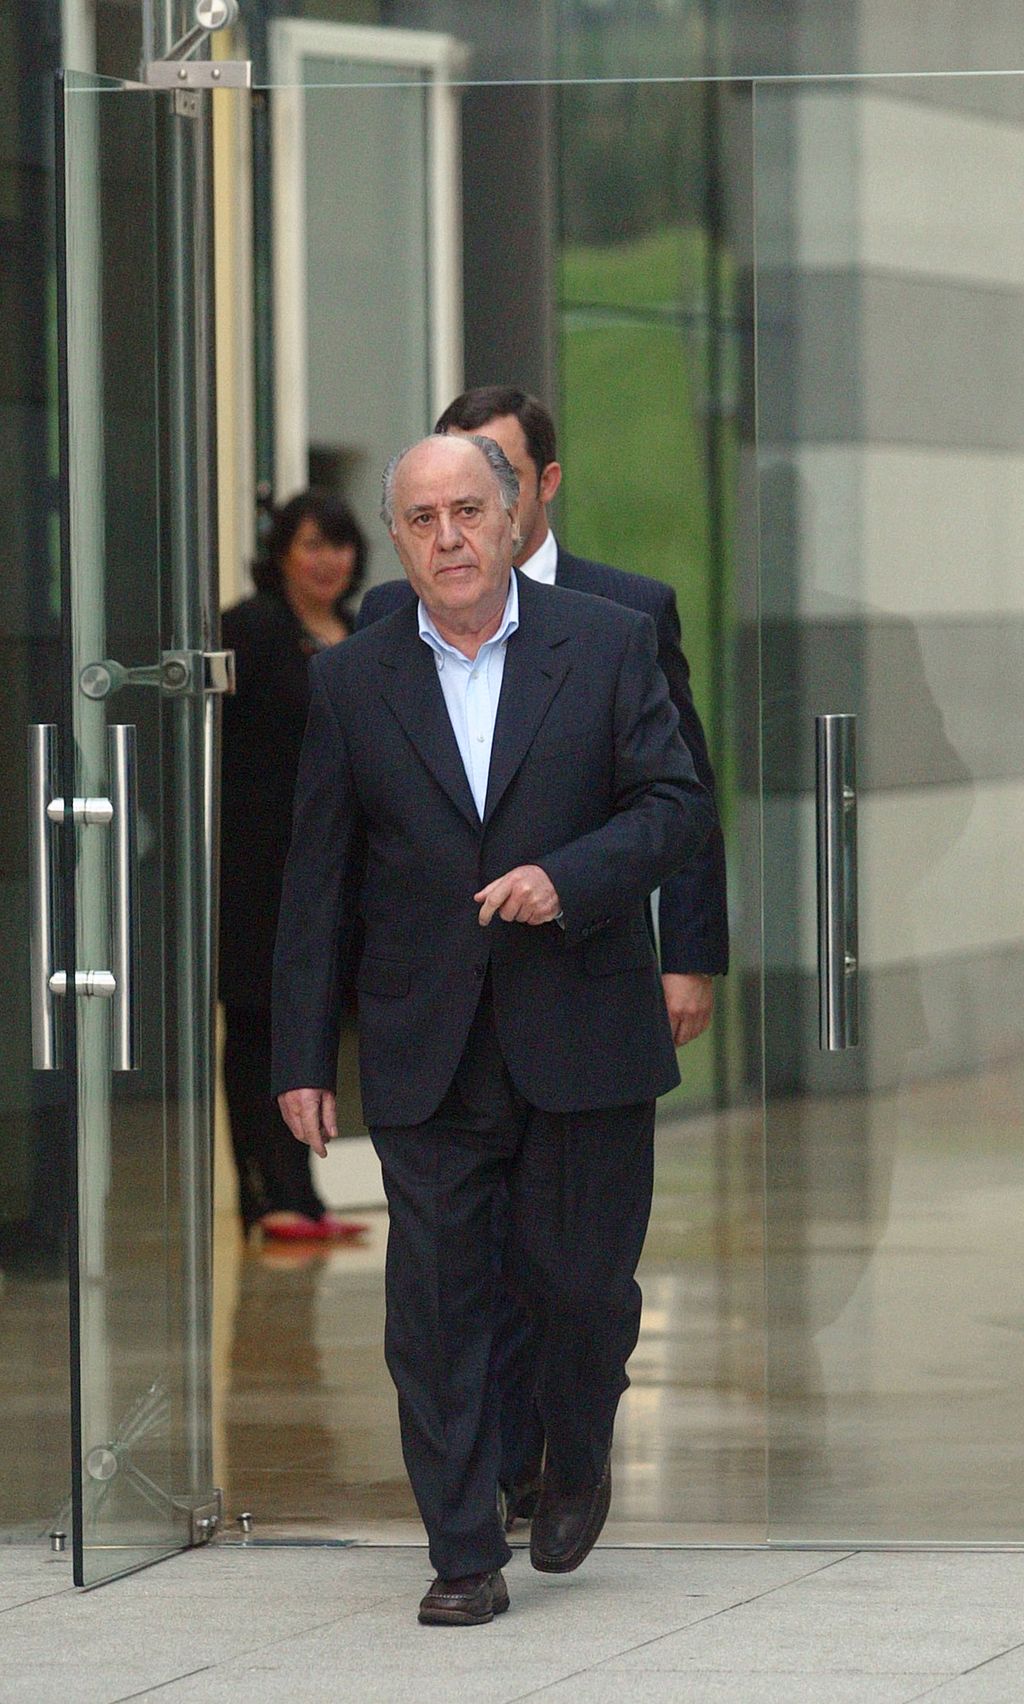 Amancio Ortega, general manager of Spanish textil company Zara, goes out to welcome Uruguayan President Jorge Batlle, in Arteixo, near Coruna, northwestern Spain, 04 February 2004. Jorge Batlle is in Spain for a one-week-long official visit. (Photo by MIGUEL RIOPA / AFP)
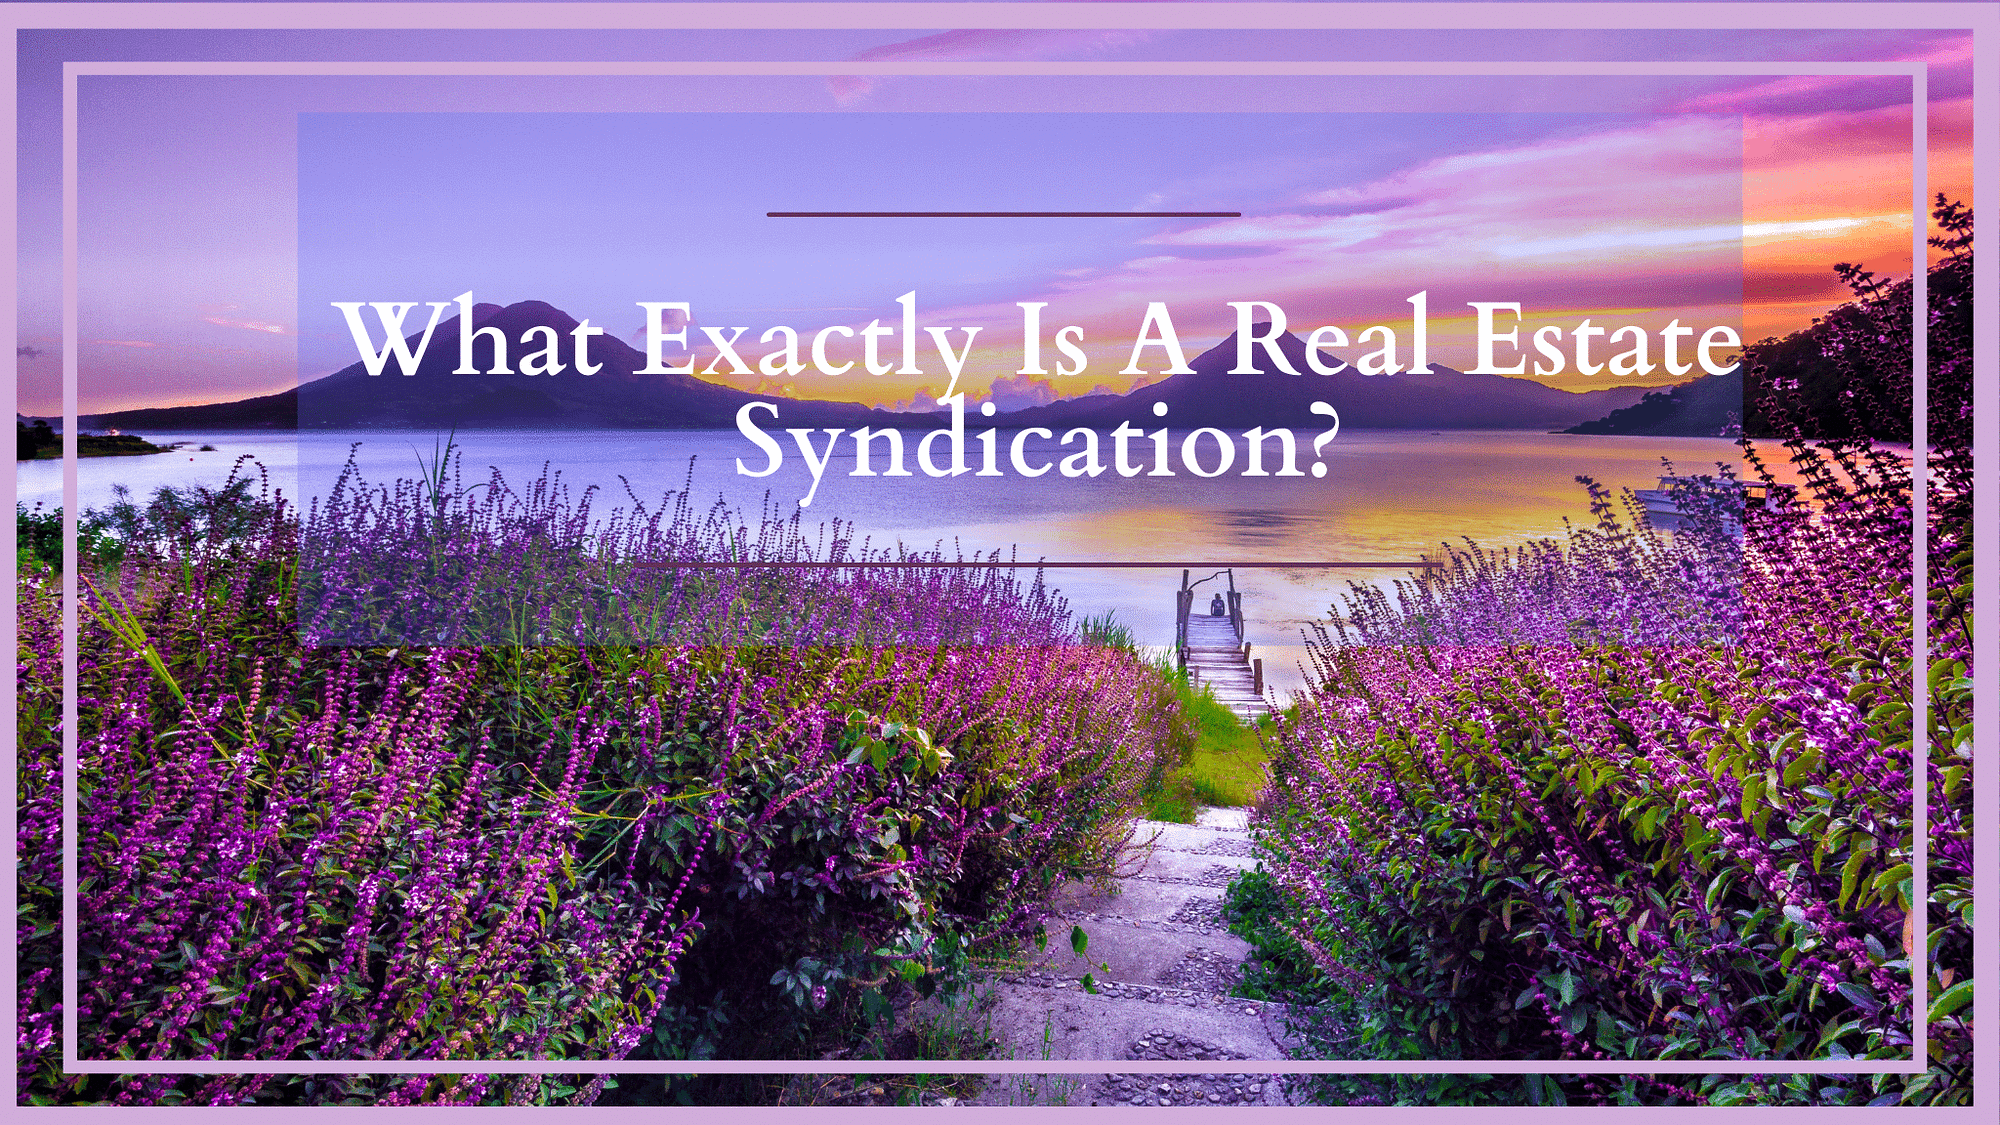 What exactly is a syndication?
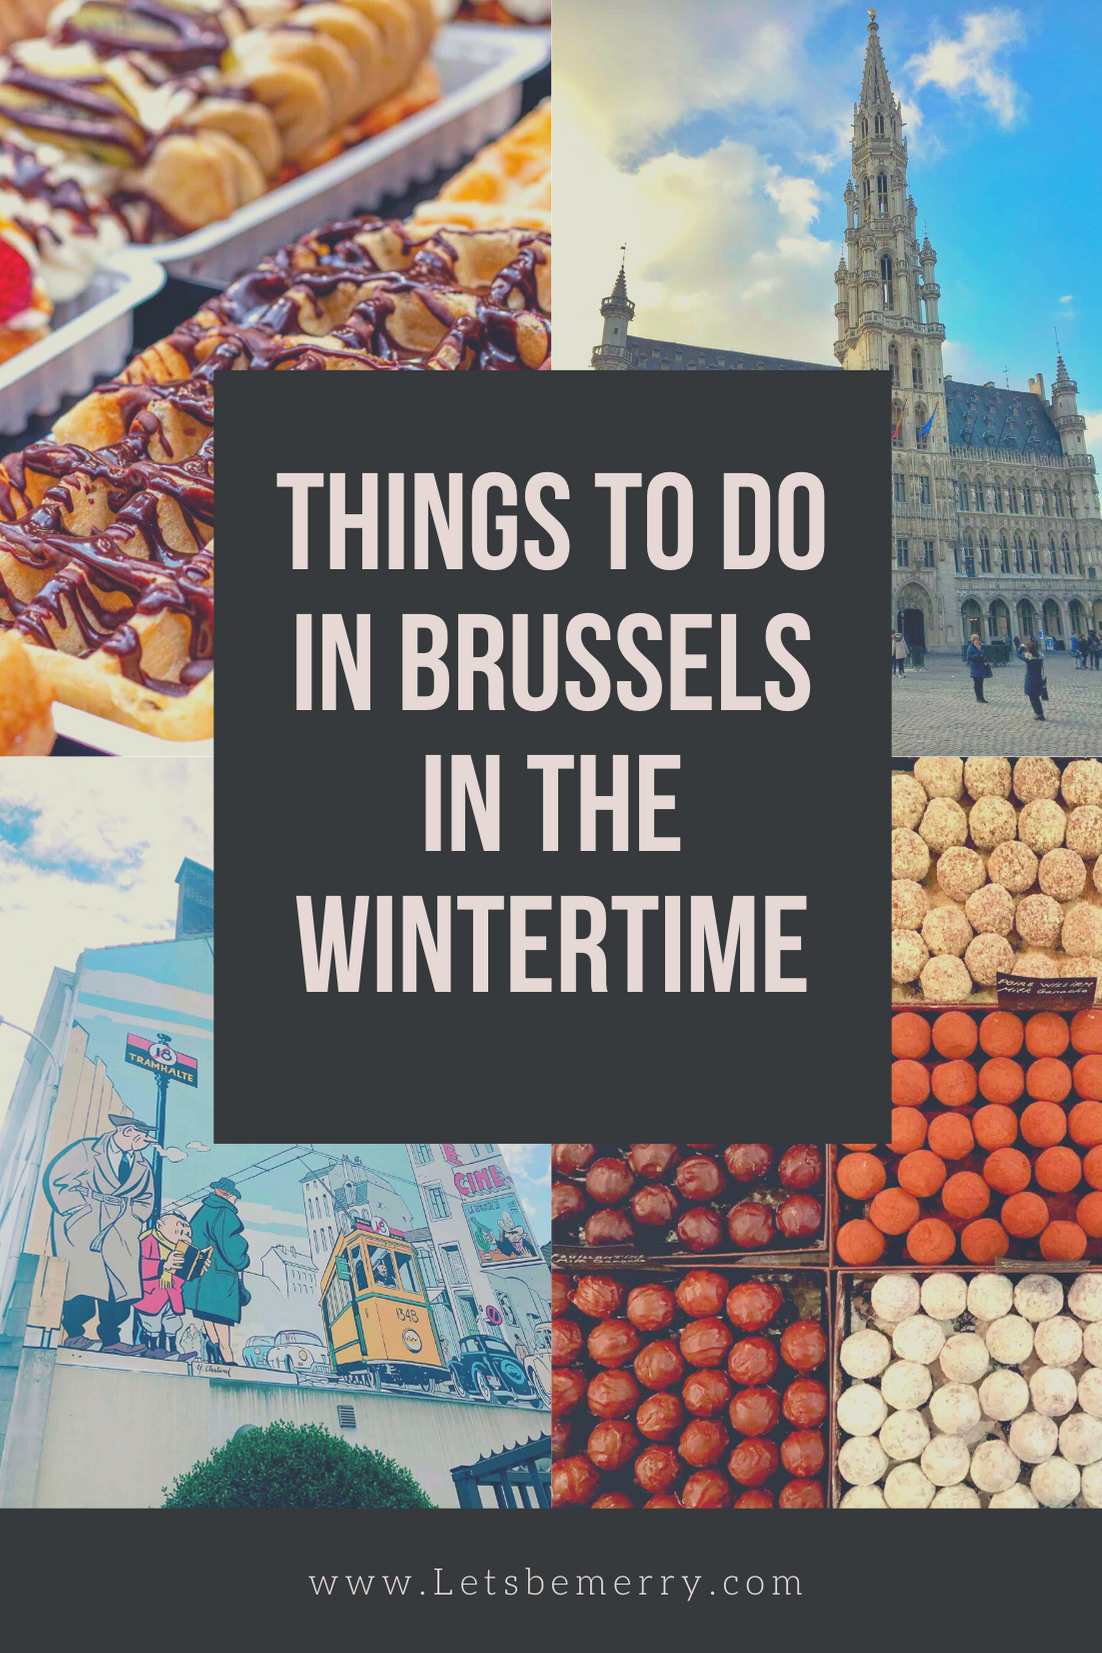 My 6 Favorite Things to Do in Brussels in the Wintertime
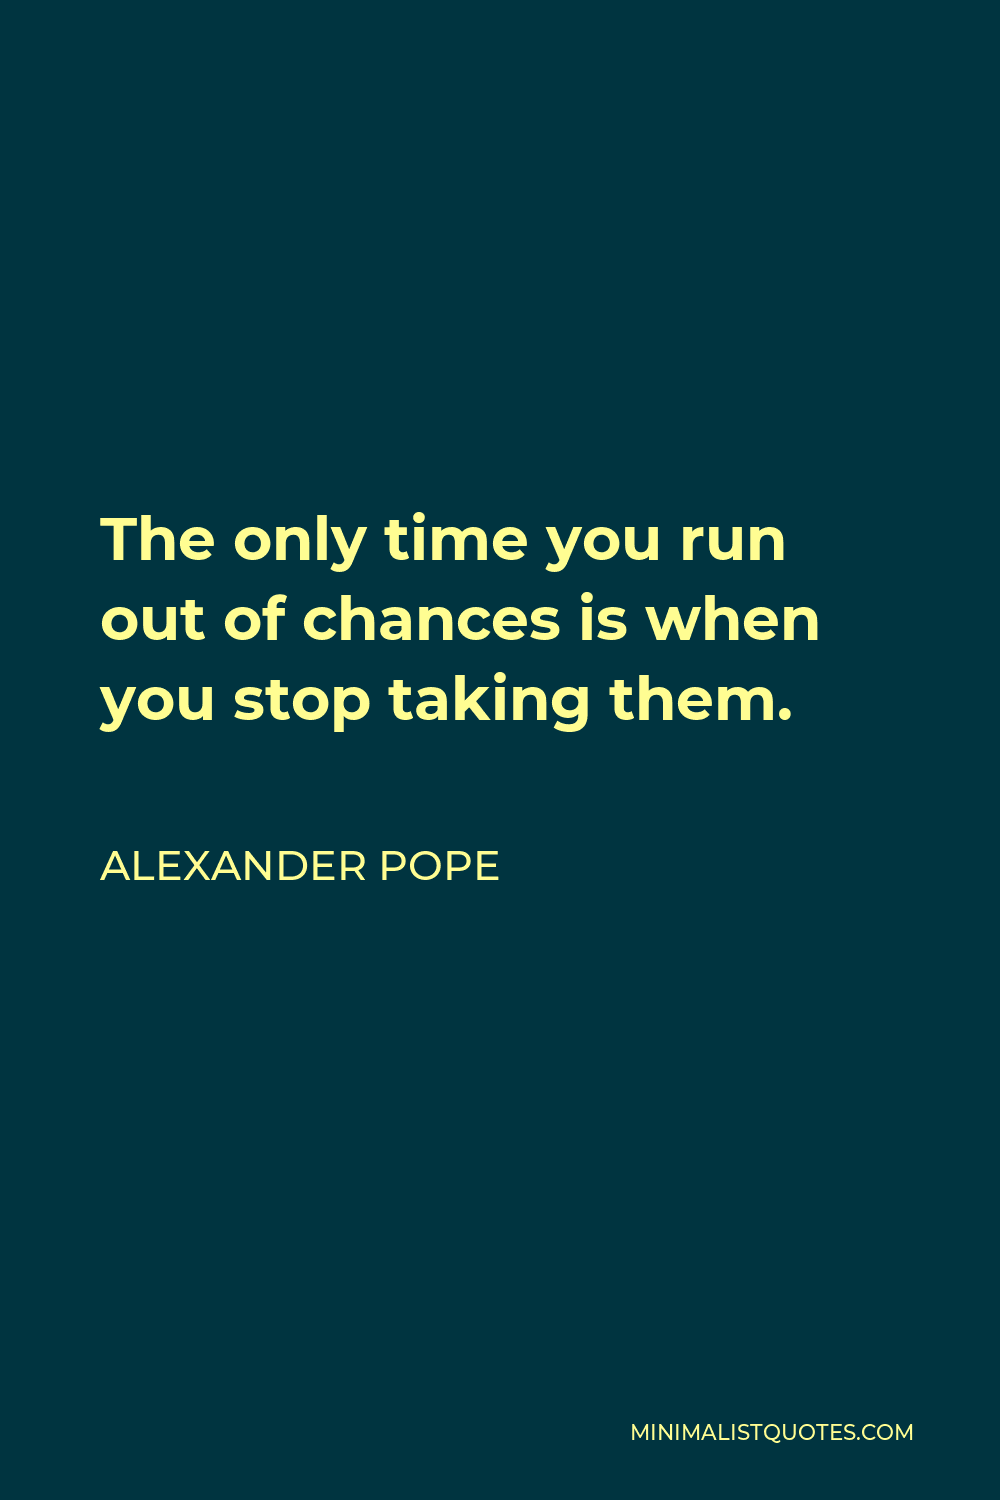 Alexander Pope Quote - The only time you run out of chances is when you stop taking them.

▸ Problem details
Leaving each image aside, repeat the listing above exactly.

▸ Solution to the exercise
 Amancio Ortega, general manager of Spanish textil company Zara, goes out to welcome Uruguayan President Jorge Batlle, in Arteixo, near Coruna, northwestern Spain, 04 February 2004. Jorge Batlle is in Spain for a one-week-long official visit. (Photo by MIGUEL RIOPA / AFP)
 What exactly is a syndication?
 My 6 Favorite Things to Do in Brussels in the Wintertime
 Alexander Pope Quote - The only time you run out of chances is when you stop taking them.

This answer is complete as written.